== Record extracts ==
------------------------

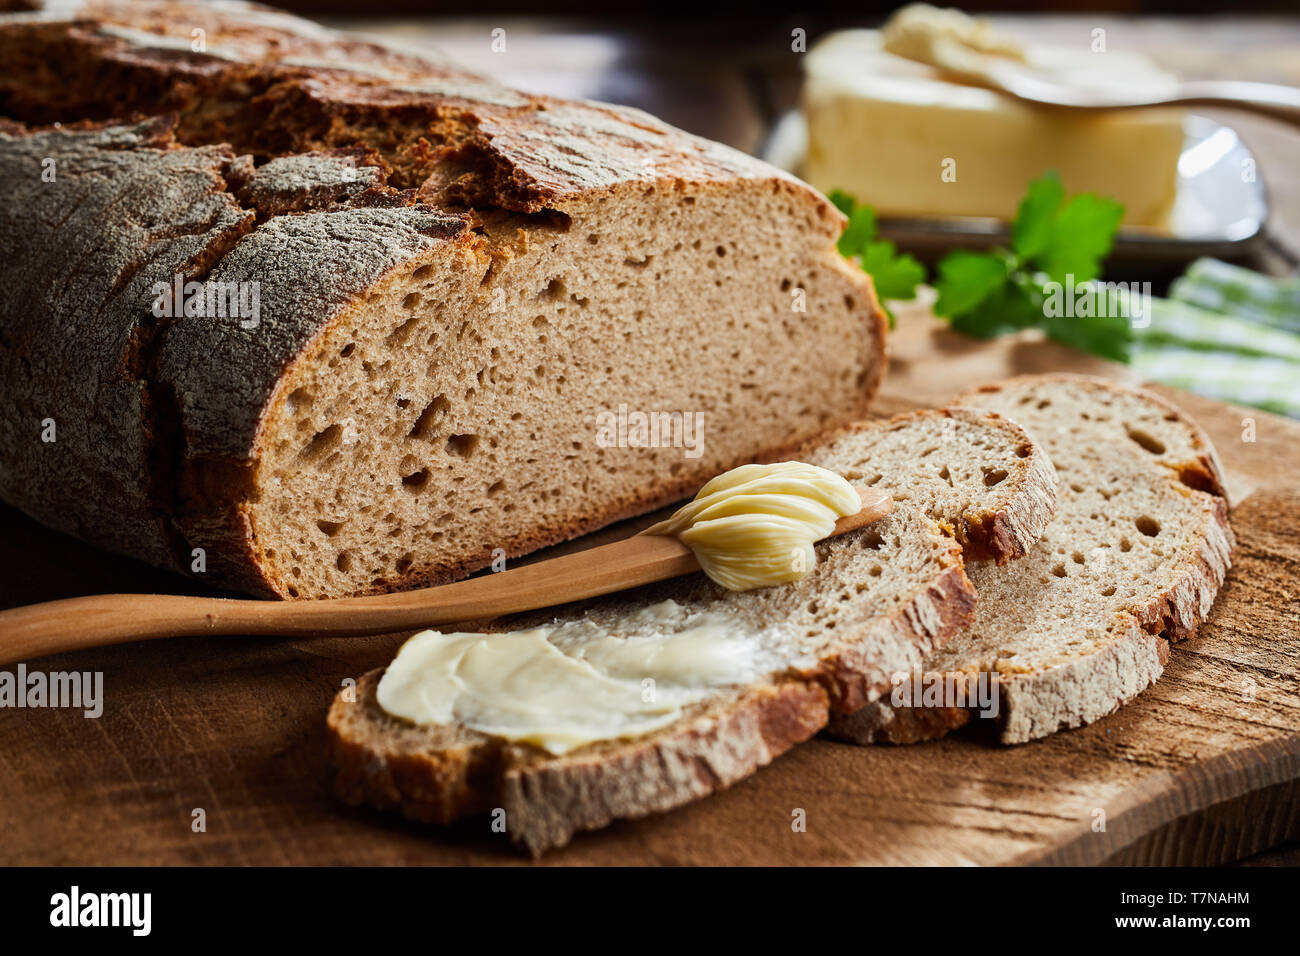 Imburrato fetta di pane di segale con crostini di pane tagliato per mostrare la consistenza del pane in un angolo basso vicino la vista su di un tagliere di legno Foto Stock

------------------------

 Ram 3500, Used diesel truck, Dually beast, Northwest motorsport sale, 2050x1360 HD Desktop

------------------------

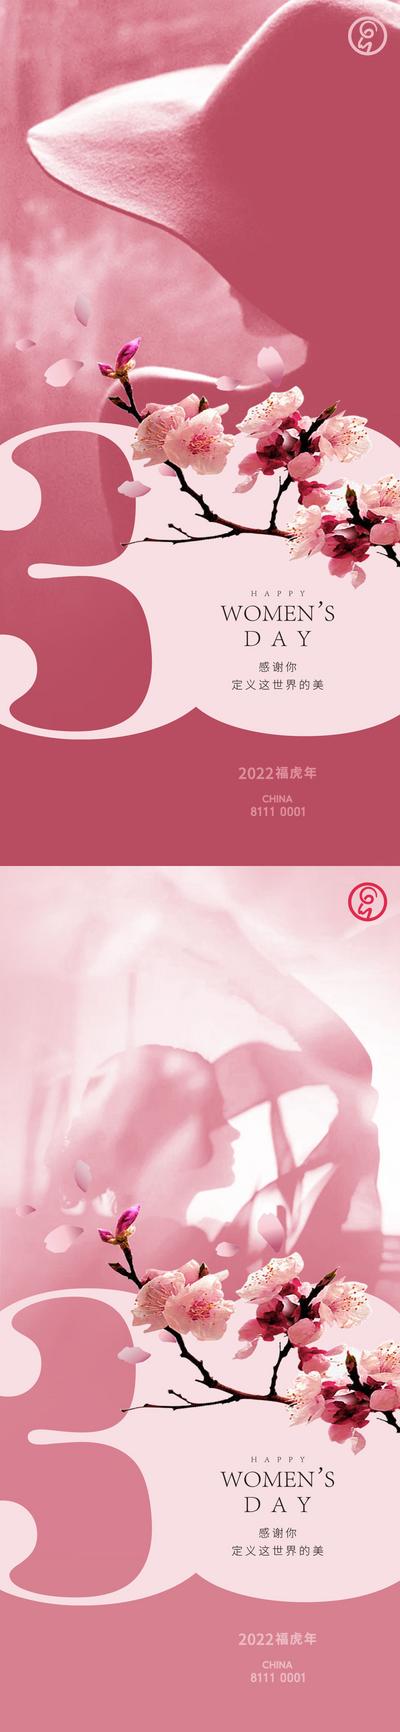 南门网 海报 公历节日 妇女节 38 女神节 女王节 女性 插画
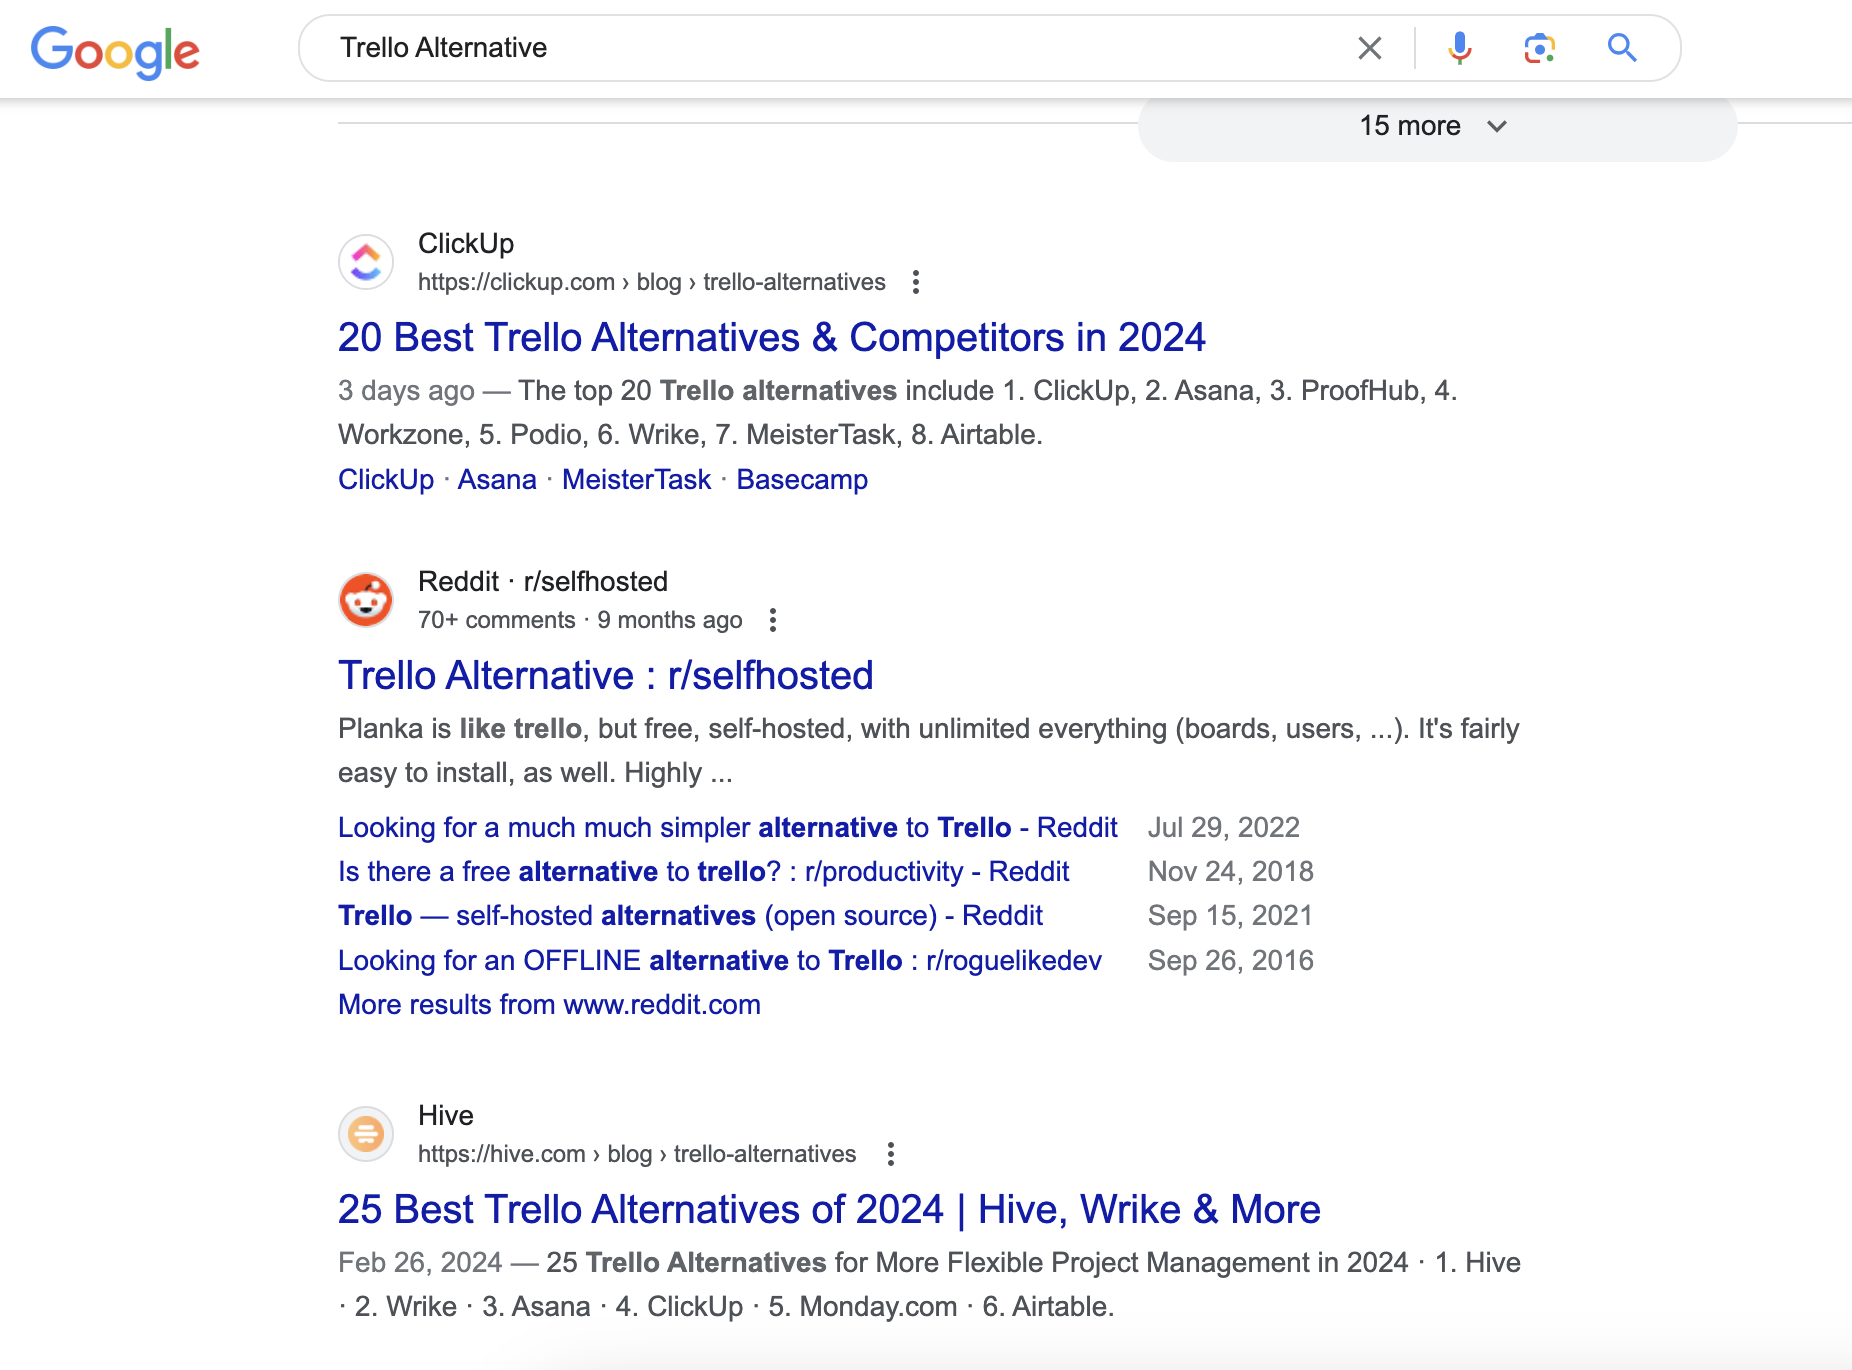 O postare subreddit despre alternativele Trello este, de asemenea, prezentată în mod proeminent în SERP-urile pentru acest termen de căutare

------------------------

== Work order ==
Starting with the line that has "南门网 海报 公历节日 妇女节 38 女神节 女王节 女性 插画" and going on through the line that has "O postare subreddit", transcribe the records above exactly, but skip the pictures.

== Output of the exercise ==
 南门网 海报 公历节日 妇女节 38 女神节 女王节 女性 插画
 O postare subreddit despre alternativele Trello este, de asemenea, prezentată în mod proeminent în SERP-urile pentru acest termen de căutare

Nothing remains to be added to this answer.